The comments immediately drew criticism from Medicaid advocates in Kansas, with some saying that Marshall mischaracterised and misunderstood people who are on the program.
"These are people who are out there, working hard, paying their bills, and to have their elected member of Congress pointing their finger at them I'm sure is disappointing," David Jordan, executive director of the Alliance for a Healthy Kansas, told the Kansas City Star.
In response to the backlash, Marshall, who was elected in November, said he was trying to explain that a national health care policy around "one segment of the population" does not work because groups of people have varying medical needs and use different health care resources.
"I was also saying that Obamacare has increased premiums on working, middle-class families by almost 200 per cent in some places, and with deductibles of over $US10,000, many don't actually have access to healthcare," Marshall said in a statement. "Coverage means nothing if you can't afford access."
He added: "When I said, 'the poor will always be with us,' it was actually in the context of supporting the obligation we have to always take care of people, but we cannot completely craft a larger, affordable healthcare policy around a comparatively small segment of the population who will get care no matter what."
Marshall is not the only House member who's had to clarify his comments about healthcare and the poor.
"Americans have choices, and they've got to make a choice," Representative Jason Chaffetz said on CNN on Tuesday morning. "And so maybe rather than getting that new iPhone that they just love and they want to go spend hundreds of dollars on that, maybe they should invest in their own healthcare."
Later that day, Chaffetz was on Fox News clarifying his remarks. "Maybe I didn't say it as smoothly as I possibly could, but people need to make a conscious choice," he said. "I believe in self-reliance, and they're going to have to make those decisions.
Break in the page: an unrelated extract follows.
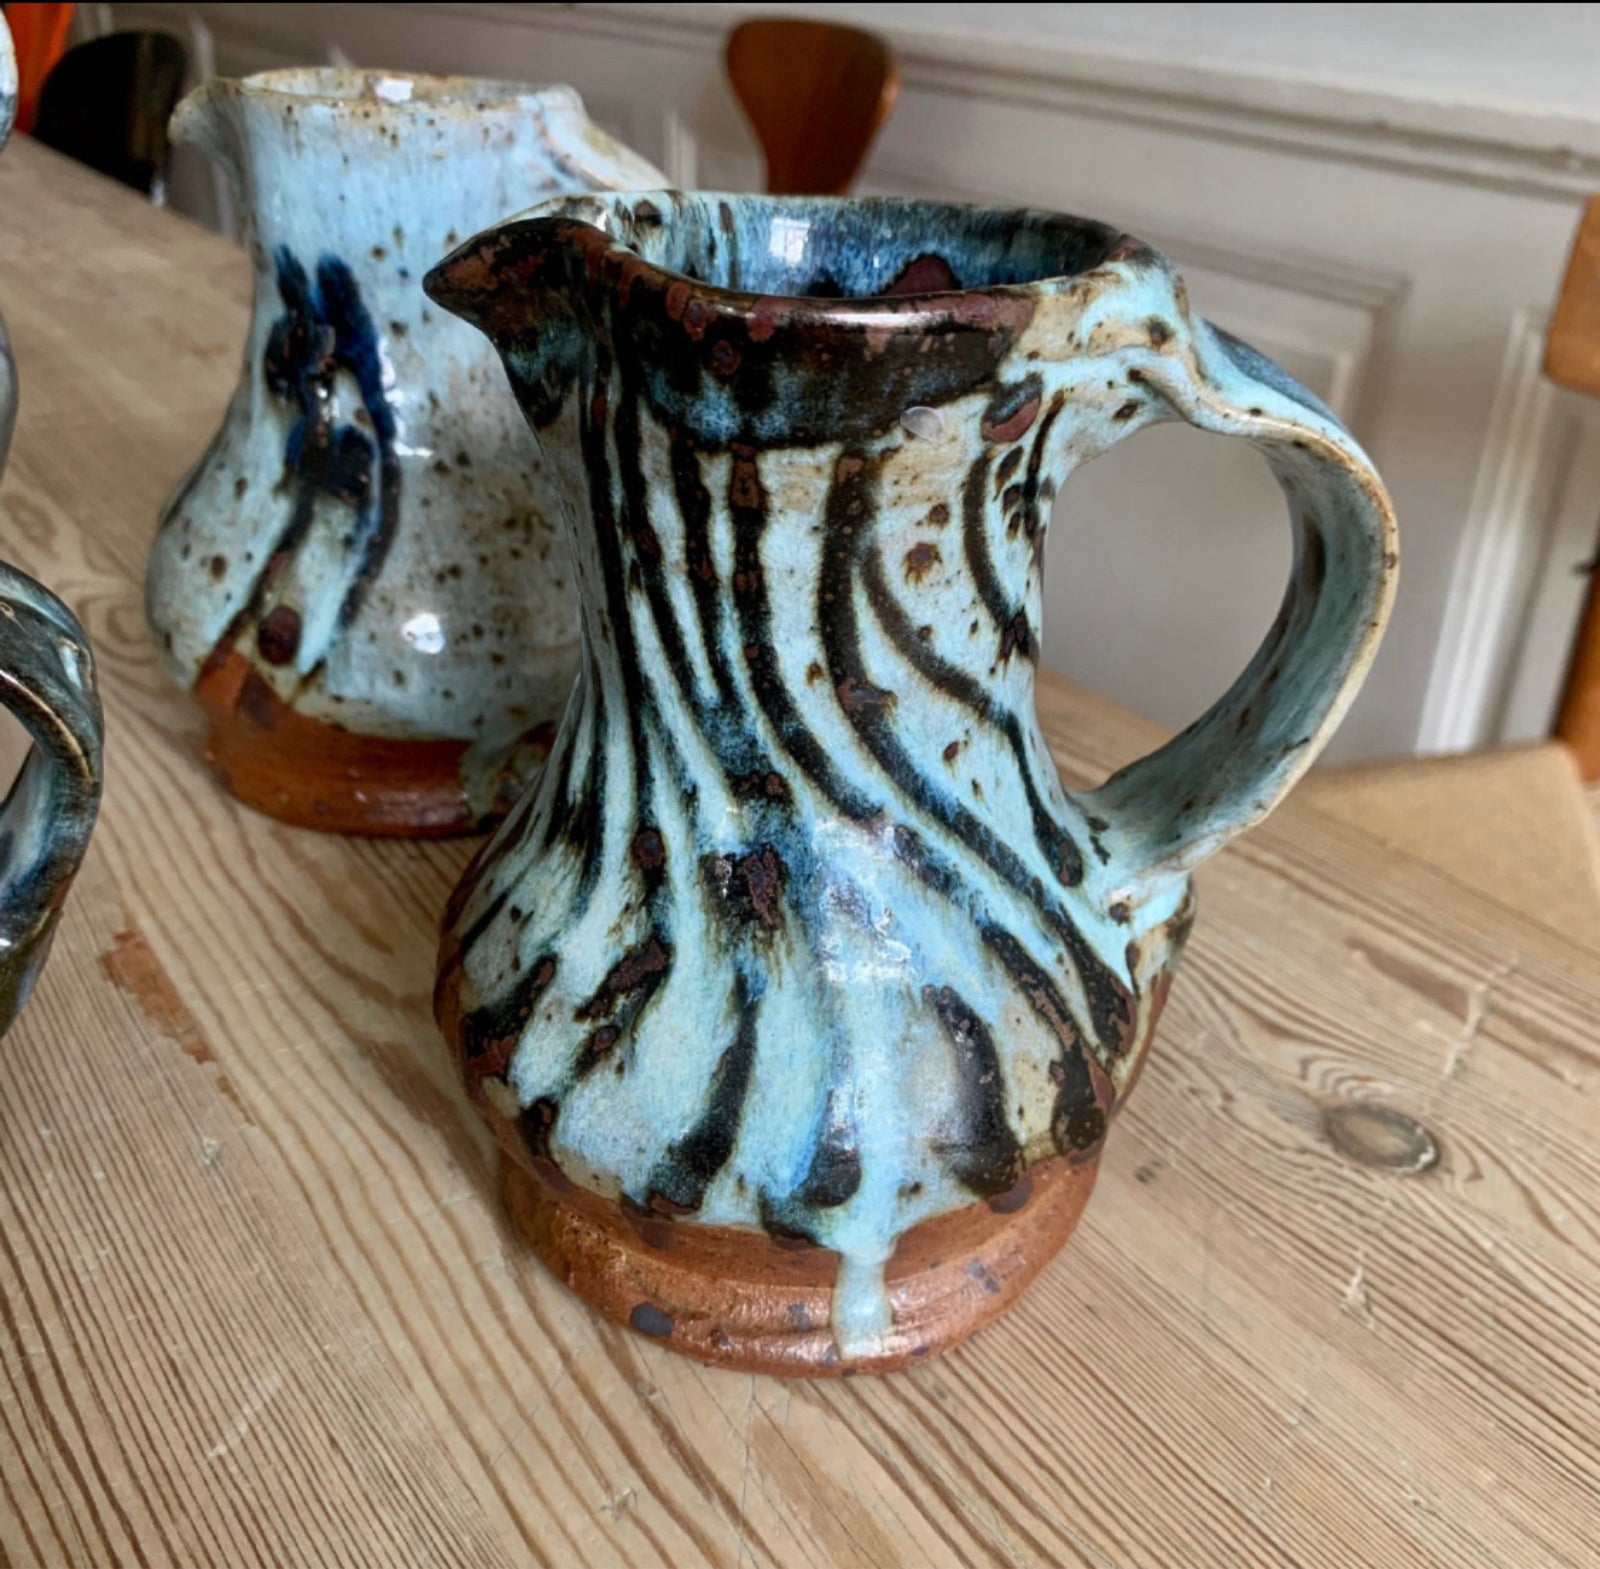 Keramik, Anne Kjærsgaard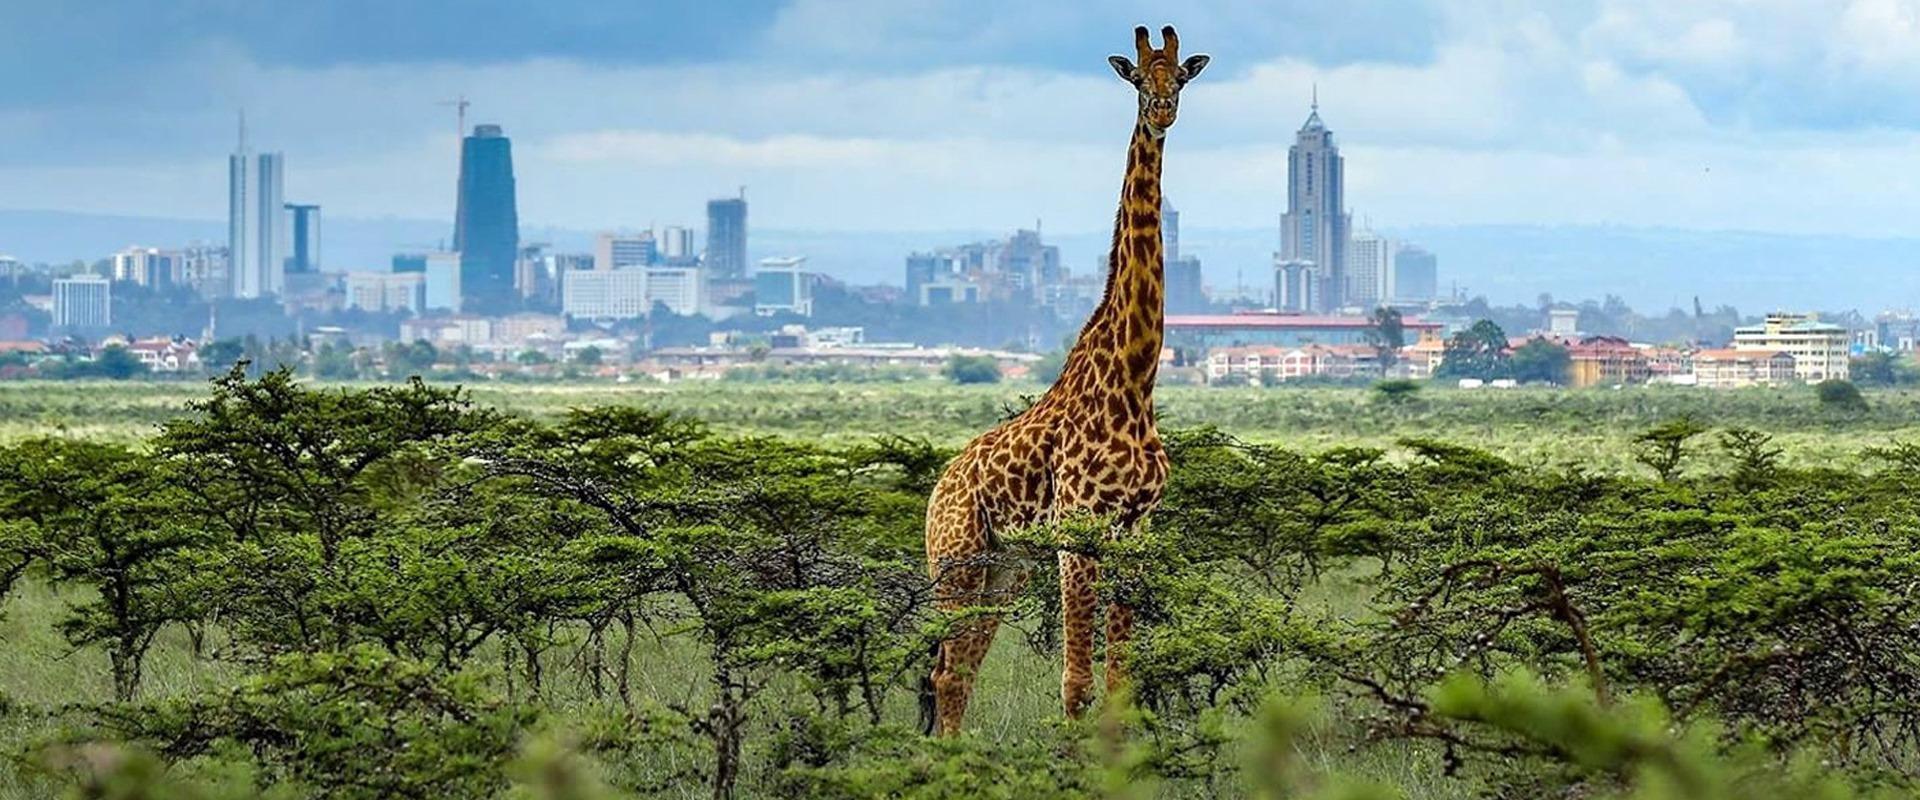 Nairobi's national park faces climate and human threats

We want people to have access to an affordable healthcare product."
A new healthcare bill unveiled by Republicans as a replacement for Obamacare is now making its way through Congress. The American Health Care Act replaces federal insurance subsidies with individual tax credits and grants to help states shape their own policies. It also preserves two of the most popular features of the ACA: Allowing young adults to stay on their parents' insurance until they're 26 and forbidding insurers from denying coverage to people with pre-existing conditions.
After 18 hours of debate, the bill passed 23 to 16 in the House Ways and Means Committee before dawn on Thursday.